Sir Thomas More: Yes! What would you do? Cut a great road through the law to get after the Devil?
William Roper: Yes, I'd cut down every law in England to do that!
Sir Thomas More: Oh? And when the last law was down, and the Devil turned 'round on you, where would you hide, Roper, the laws all being flat? This country is planted thick with laws, from coast to coast, Man's laws, not God's! And if you cut them down, and you're just the man to do it, do you really think you could stand upright in the winds that would blow then? Yes, I'd give the Devil benefit of law, for my own safety's sake!
- Robert Bolt, A Man for All Seasons (1967), act I, p. 39.
- Every man for himself, his own ends, the devil for all.
- Robert Burton, The Anatomy of Melancholy (1621), Part III, Section I. Memb, III
- The Devil himself, which is the author of confusion and lies.
- Robert Burton, The Anatomy of Melancholy (1621), Part III, Section IV. Memb. I. Subsection III
- And bid the devil take the hin'most.
- Samuel Butler, Hudibras, Part I (1663-64), Canto II, line 633. Burns, To a Haggis. John Fletcher, The Tragedy of Bouduca, Act IV, scene 2
- Nick Machiavel had ne'er a trick
(Though he gave his name to our Old Nick).
- Samuel Butler, Hudibras, Part III (1678), Canto I, line 1,313
- Here is the devil-and-all to pay.
- Miguel de Cervantes, Don Quixote (1605-15), Book IV, Part I, Chapter X
- There is not an individual who is the devil. You could say the opposite of good is the devil, and that is in every one of us. It is just the selfish, greedy personality expression of individuals.
- Benjamin Creme The Ageless Wisdom, An Introduction to Humanity's Spiritual Legacy, (1996), p. 33
- Satan is what we call the anti-Christ... The forces of materiality. These have the role of upholding the matter of the planet. Lucifer is seen by Christian groups as the devil. It is nothing of the kind! Lucifer is really the name of the great angel who ensouls the human kingdom. Every human soul is an individualized part of one great oversoul. The name of that great oversoul, which is divine, is Lucifer...
- Benjamin Creme The Ageless Wisdom, An Introduction to Humanity's Spiritual Legacy, (1996), p. 33
- Well the Devil went down to Georgia
He was lookin' for a soul to steal
He was in a bind 'cause he was way behind
And he was willin' to make a deal.
- When he came across this young man
Sawin' on a fiddle and playin' it hot
And the Devil jumped up on a hickory stump
And said, "Boy, let me tell you what"
- "You probably didn't know it
But I'm a fiddle player too
And if you care to take a dare
I'll just make a bet with you."
- Charlie Daniels The Devil Went Down to Georgia from the album Million Mile Reflections (1979)

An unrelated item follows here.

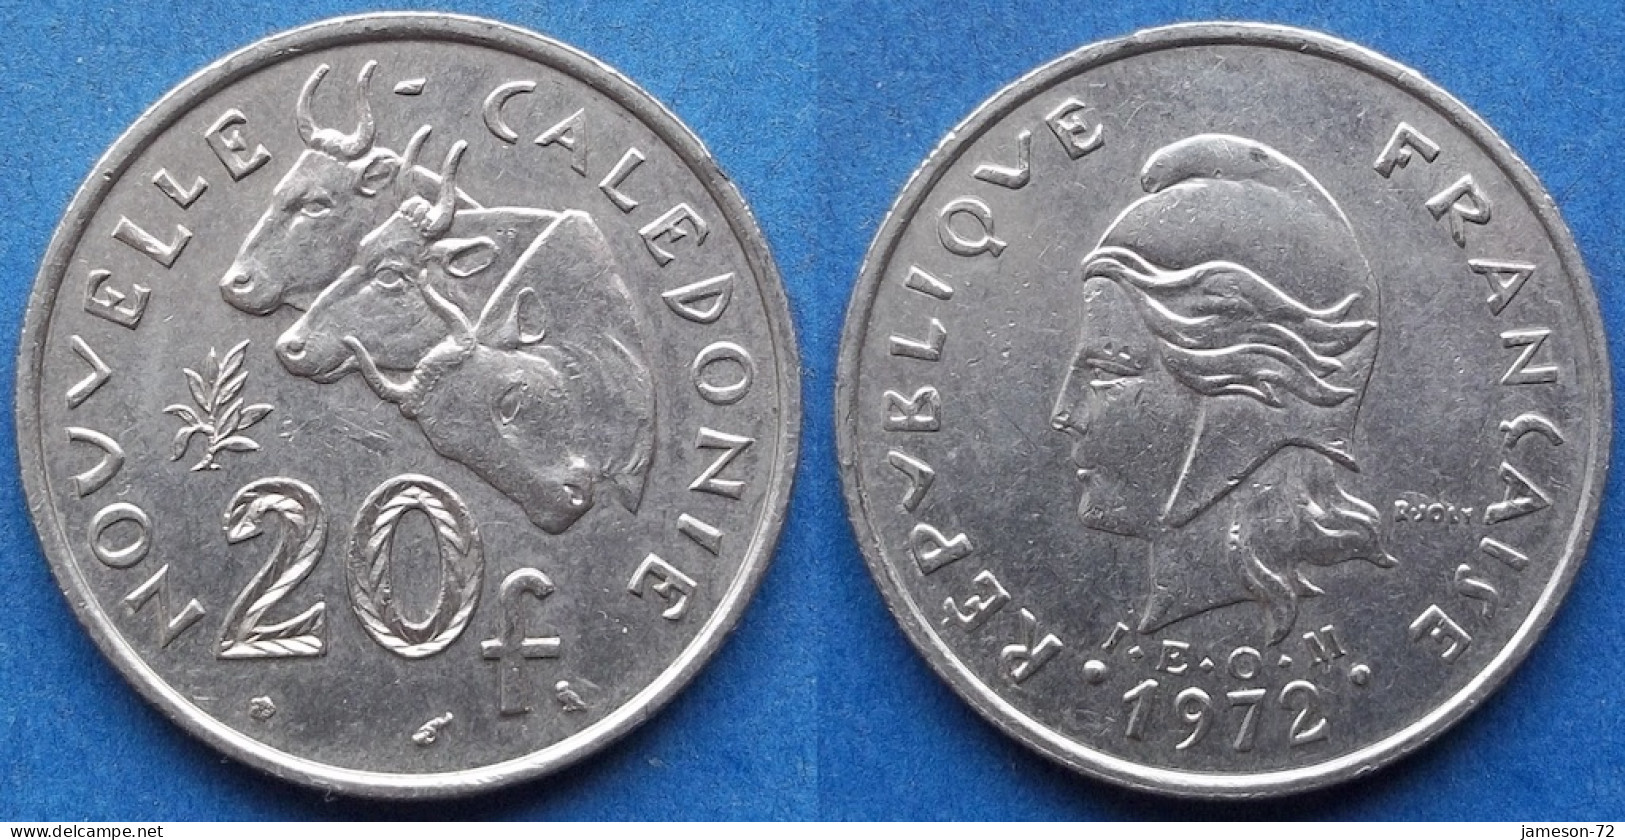 NEW CALEDONIA - 20 Francs 1972 "Three Ox" KM# 12 French Overseas Territory - Edelweiss Coins - New Caledonia

- Wherever God erects a house of prayer,
The Devil always builds a chapel there:
And 'twill be found, upon examination,
The latter has the largest congregation.
- Daniel Defoe, The True-Born Englishman (1701)
- Long live the Devil.
- Ernest Defarge, in Charles Dickens, Tale of Two Cities (1859), Book 1, Chapter 5: The Wine Shop, p. 6
- Satan is an empty shell, you know. He can only use and pervert that which comes from the lips of God. This is his forte.
- Catherine Doherty, Sobornost (1977). Expanded second edition (Combermere, Ontario: Madonna House Publications, 2011), p. 93
- The Devil is not the Prince of Matter; the Devil is the arrogance of the spirit, faith without smile, truth that is never seized by doubt. The Devil is grim because he knows where he is going, and, in moving, he always returns whence he came.
- Umberto Eco in The Name of the Rose (1980)
- You see, Mr. Simpson—a man, well, he'll walk right into Hell with both eyes open. But even the Devil can't fool a dog!
- Angel, The Hunt The Twilight Zone written by Earl Hamner, Jr.
- Lucifer: Why do they blame me for all their little failings? They use my name as if I spent my entire days sitting on their shoulders, forcing them to commits acts they would otherwise find repulsive. 'The devil made me do it.' I have never made one of them do anything. Never. They live their own tiny lives. I do not live their lives for them.
- Neil Gaiman, The Sandman, Vol. 4: Season of Mists
- One is always wrong to open a conversation with the devil, for, however he goes about it, he always insists on having the last word.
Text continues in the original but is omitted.